That sucks.. Thomas is unwieldy, but great resource.. at least they are not planning to cut off the whole service... yet
posted by snaparapans at 10:11 AM on June 8, 2012 [1 favorite]


This is really, really important and it's part of a nasty larger trend that's beginning to emerge: Americans are losing access to government information that they previously had access to.

Examples:
-Statistical Abstract (when Census' funding was cut, this was what they decided to get rid of. They refuse to work with advocates to bring the division back)
-American Community Survey (an incredibly large number of groups, including industry, rely on the information collected here. This one may survive)
-Sourcebook of Criminal Justice Statistics (Justice refuses to fund this any longer, but it's an important collection of crime data which doesn't overlap as much with the Uniform Crime Reports as Justice would like you to think)

I think there are a few others I'm missing (and other related issues, like Congress refusing to confirm the Public Printer and the potential move of the Federal Depository Library Program to the Library of Congress and the threatened but now rescinded cuts to FDSys, which is a gigantic source of government, especially legislative, information).

I cannot overstate the importance of open government information enough--if you're interested, the Sunlight Foundation is an important group to follow--and I also cannot overstate the wealth of what we're losing in an incredibly stealthy way.

GPO is pushing back on this because of their demand for authentic government information, which I think is hilariously short-sighted. They need to advocate for Congress to update Title 44 and they're fighting about getting XML documents digitally signed.

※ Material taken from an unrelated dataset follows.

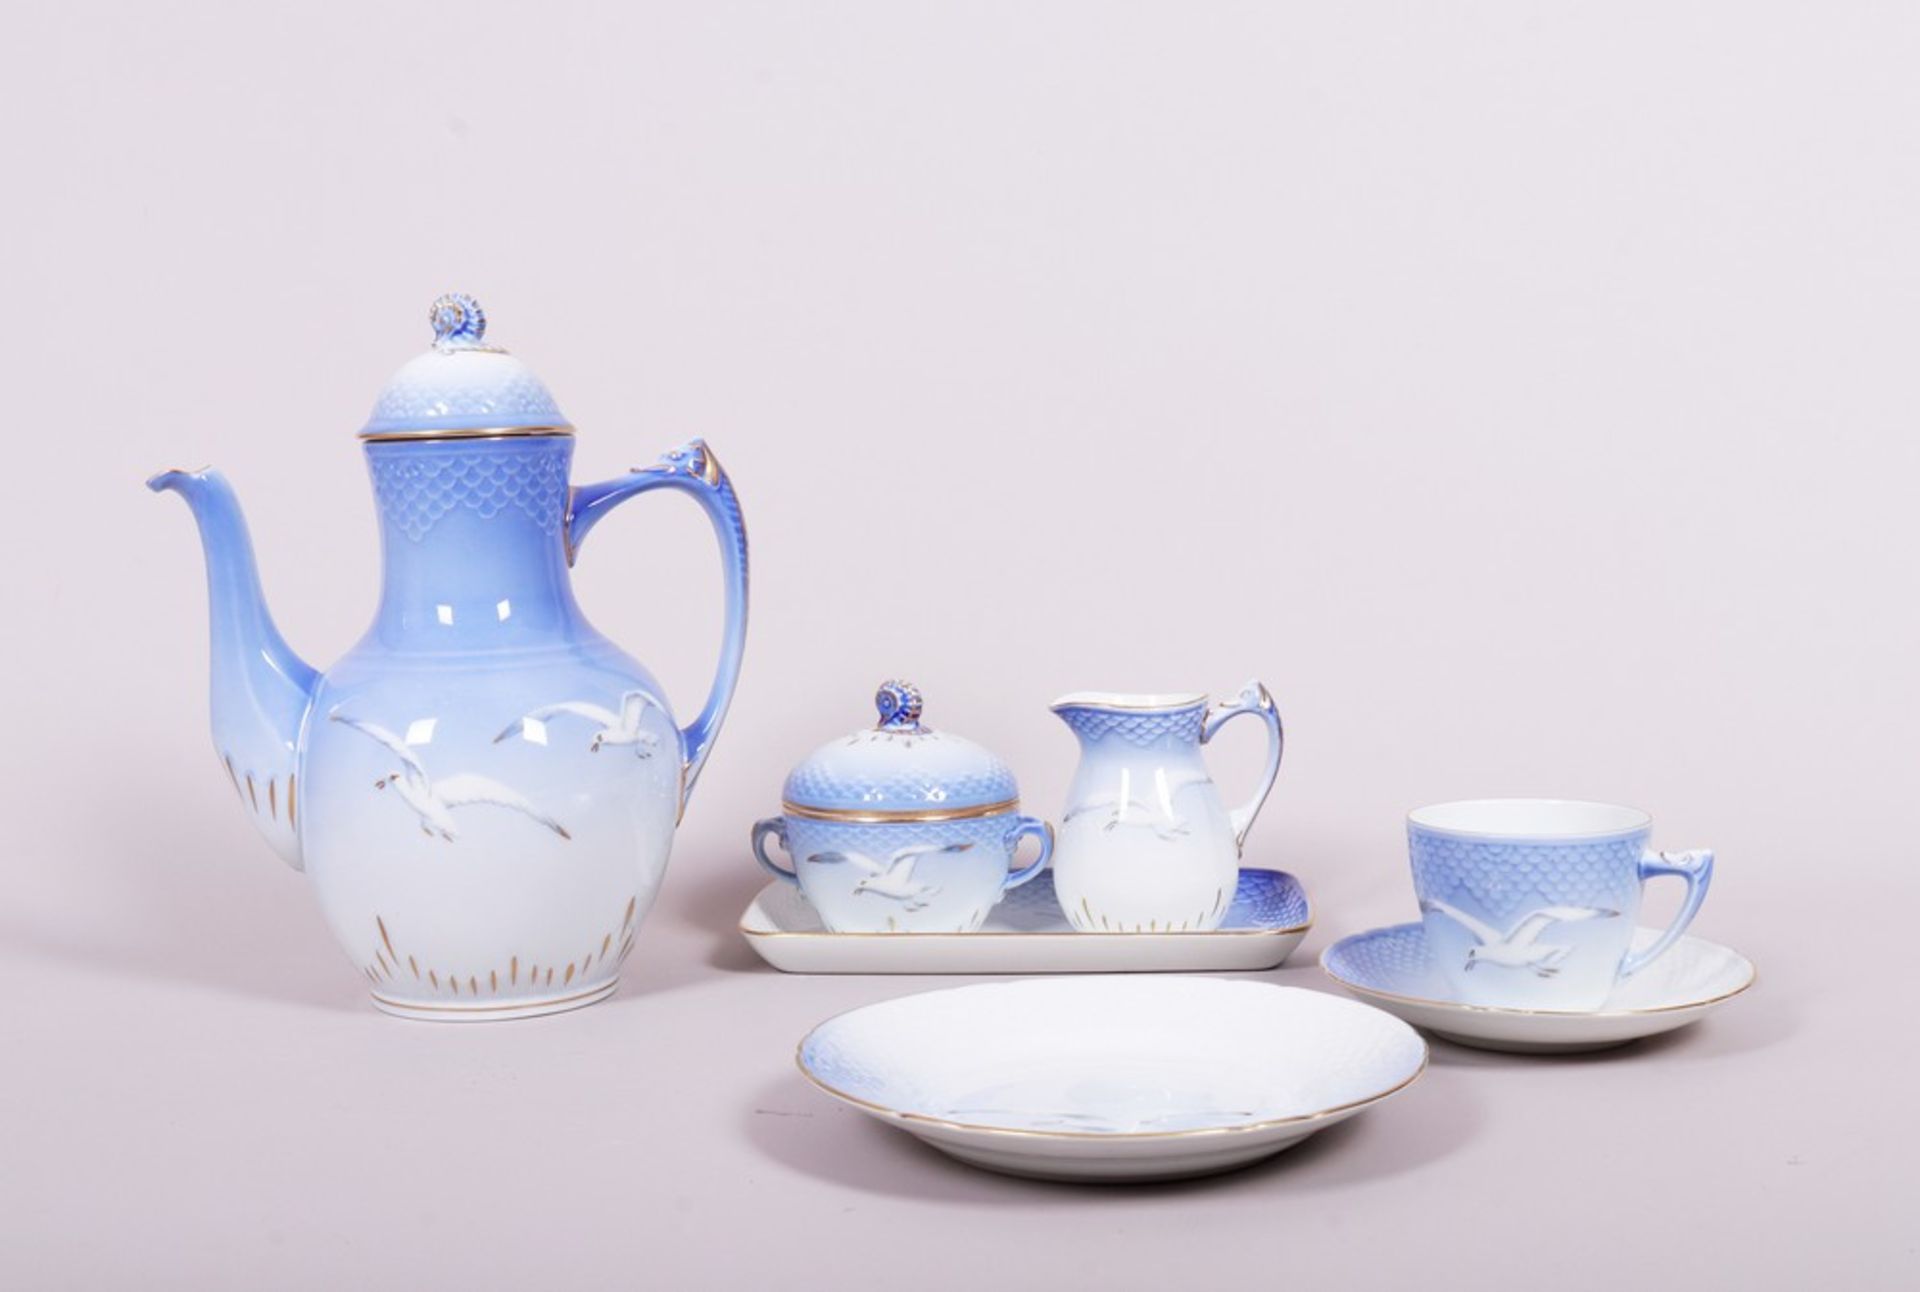 Coffee service for 10 people, design Fanny Garde for Bing & Grondahl, decor “Seagull”, 20th C. - Image 6 of 7

I am a federal government documents librarian. The cuts which we are facing are rolling back American access to government document information, back prior to the founding of the FDLP in the 1813.
posted by librarylis at 10:11 AM on June 8, 2012 [56 favorites]


Journalism from the Washington Examiner?

I know you wouldn't know it from the rest of the paper's content, but the Examiner actually has some decent scoops on their Fed pages!
posted by The 10th Regiment of Foot at 10:25 AM on June 8, 2012


(And lest you think Canada is doing better, they just agreed to some crippling cuts to their federal libraries and will cease distributing documents in print through their FDLP equivalent in 2014.)
posted by librarylis at 10:28 AM on June 8, 2012 [3 favorites]


"In the spirit of Thomas Jefferson..."

There's your RDA of irony, right there.
posted by clvrmnky at 10:32 AM on June 8, 2012


librarylis, the same thing is happening with the public records that we genealogists need. The crucially important Social Security Death Index is at risk of being removed from public access (but not bank or insurance company access, oh no), and Massachusetts is now at risk of having its last century of vital records closed off for "privacy" reasons, despite having been an open access state since the founding of the colony in the 1600's!
posted by Asparagirl at 10:33 AM on June 8, 2012 [1 favorite]


It's a damn fine business model. Get taxpayers to pay for something and then get them to pay again when they want to look at what they paid for.
posted by tommasz at 10:36 AM on June 8, 2012 [7 favorites]


See also: PACER charging ten cents per page to download an HTML file that shows a list of PDFs you can download for ten cents per page.

That's totally reasonable. After all, they have Xerox each page to create a new copy to send to your web browser.
posted by cosmic.osmo at 10:36 AM on June 8, 2012 [2 favorites]


Background reading: check out the site for RPAC, and their whitepaper "Open Access to Public Records: A Genealogical Perspective; A White Paper by the Records Preservation and Access Committee" (PDF).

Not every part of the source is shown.